In yet another episode that threatens to undo efforts aimed at finding common ground to tackle hacking, the Chinese Foreign Ministry told the US to stop “fabricating stories” and “mudslinging” about alleged Chinese commercial spying. A Federal Bureau of Investigation (FBI) official has accused China of stealing secrets from US firms.

“Chinese laws forbid hacking or any other behavior harmful to cyber security, and it is an undoubted fact that the Chinese government resolutely cracks down on crimes,” China’s Foreign Ministry spokesman Hong Lei said on Thursday in Beijing at a daily news briefing.

During a TV appearance on CBS, FBI director James Comey said earlier this week that China topped the list of countries seeking to steal secrets from US firms, costing American businesses billions of dollars every year.

“I liken them a bit to a drunk burglar. They’re kicking in the front door, knocking over the vase, while they’re walking out with your television set. They’re just prolific,” Comey said.

China hit back with charges of mass surveillance of private citizens and businesses by the US.

“Again, we urge the U.S. side to drop its wrongful fabrication of stories and deliberate mudslinging toward China, as well as stop its large-scale, systematic cyber attacks on other countries,” said the Chinese spokesman.

The US side’s attempt to divert attention by accusing others will not succeed, Hong added, referring to revelations by former US National Security Agency whistle-blower Edward Snowden about US cyber-spying that included hacking into computers in China since 2009.

Sino-US ties have long been dogged by accusations of cyber espionage.

In May this year, a senior Chinese military officer labelled the United States the world’s biggest cyber-thief a week after a grand jury in Washington indicted five Chinese officers on charges of hacking into American companies to steal trade secrets.

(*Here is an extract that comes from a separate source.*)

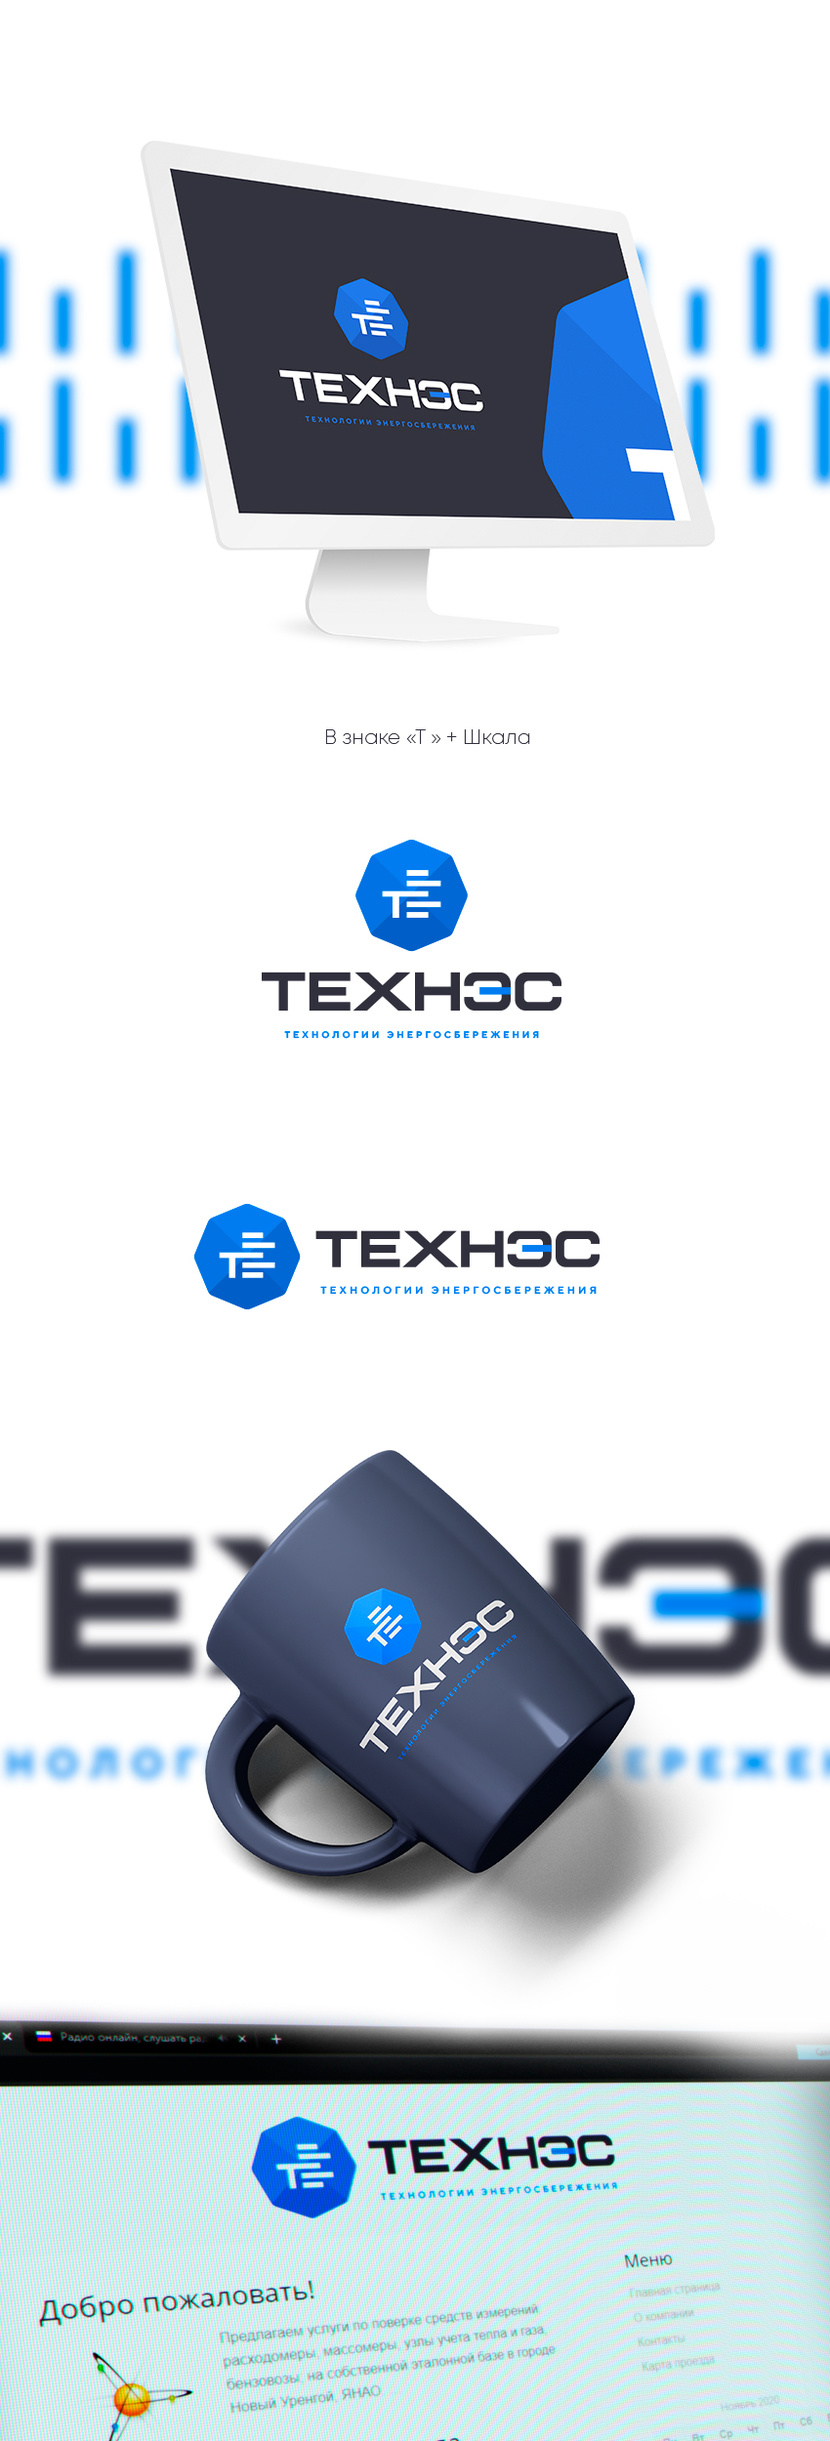 + - Создание логотипа и фирменного стиля

“In terms of both military and political intelligence and trade secrets, the United States is the world’s No.1 cyber thief and its spying force should be indicted,” Sun Jianguo, deputy chief of General Staff of the Chinese People’s Liberation Army, said.

“From Wikileaks to the Snowden incident, the U.S. hypocrisy and double standards on the issue of network security have long been obvious,” the Chinese Defence Ministry said in a statement, lashing out at the US indictment.

The US is the biggest attacker of China’s cyberspace, with US servers taking control of 1.18 million Chinese host computers between March 19 and May 18, according to the China Internet information office.